The Cloverfield Paradox had an ad at the 2018 Superbowl halftime show, making people aware of the film only hours before its release on Netflix. Now, an entire year later, it's being released on DVD. A very odd marketing strategy considering everyone with a Netflix subscription that wanted to see it would have seen it long before now, and demand from the remaining potential audience would be practically non-existent due to the length of time that has passed, and the generally unfavourable reviews it had received since it's release.
The Cloverfield Paradox was originally not a part of the Cloverfield series. In fact, it was quite far through production--under the name God Particle--before J. J. Abrams decided to link the film to the Cloverfield series and change the name.

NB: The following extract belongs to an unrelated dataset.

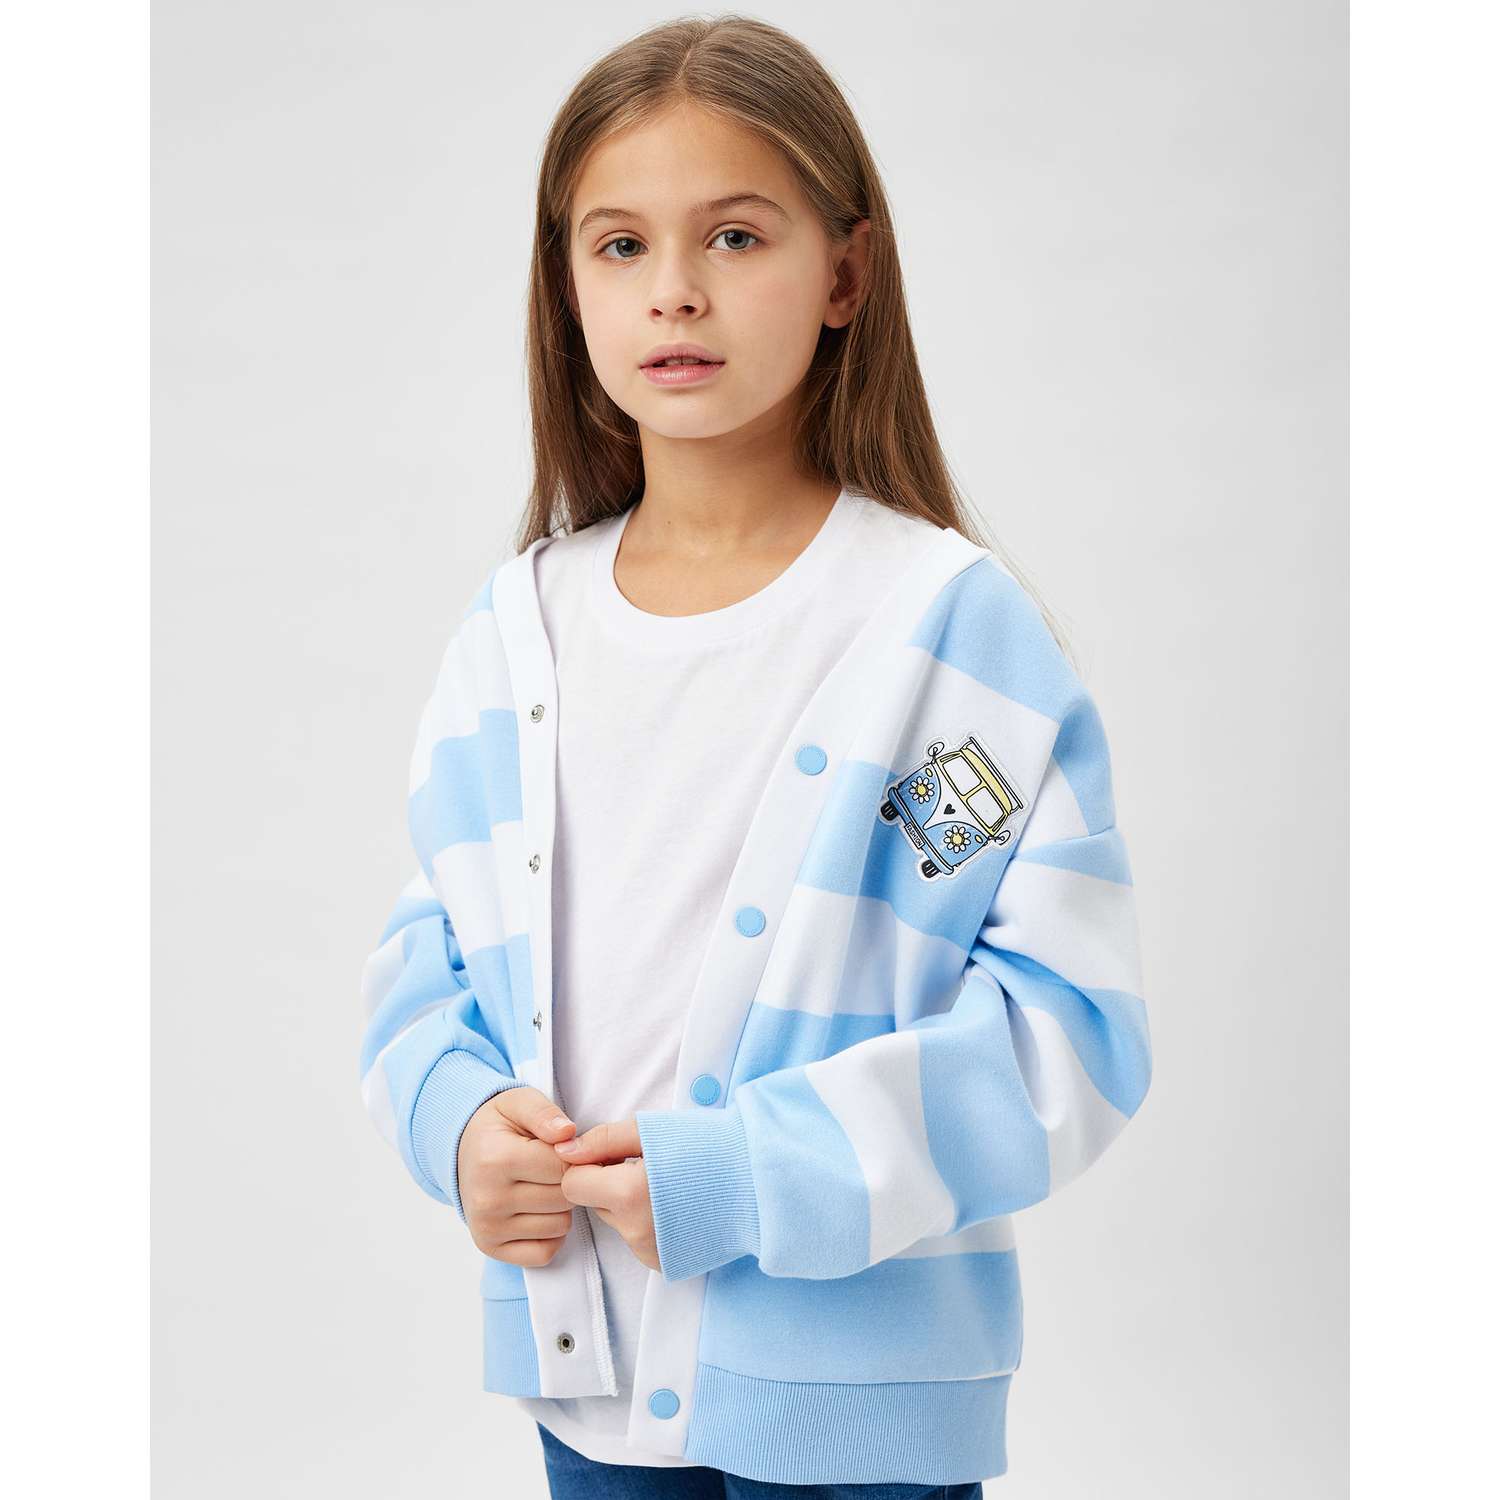 Кардиган Futurino Fashion цвет голубой страна производства Китай  S24FF3-0J70tg-55 купить по цене 1299 ₽ в интернет-магазине Детский мир

I really struggle to understand why they would try to create a franchise or cinematic universe in such a way when the film itself has nothing to do with the franchise premise and simply has a couple of scenes added afterwards. It feels like a very lazy way to try and bring in an audience. Granted 10 Cloverfield Lane was a great film if you exclude the final scenes of the film...which just happen to be the parts that were added to link it to Cloverfield. But I digress.
The film has a reasonably good cast, including Daniel Brühl (Captain America: Civil War, Inglorious Basterds, and Bourne Ultimatum), John Ortiz (American Gangster and the Fast and Furious franchise), Chris O'Dowd (The IT Crowd, Bridesmaids, and Thor: The Dark World), and Elizabeth Debicki (Guardians of the Galaxy Vol.2, Widows, and The Great Gatsby). So when a J. J. Abrams film with a well-known cast doesn't sit well with the critics, you can tell the script is not going to be very well written.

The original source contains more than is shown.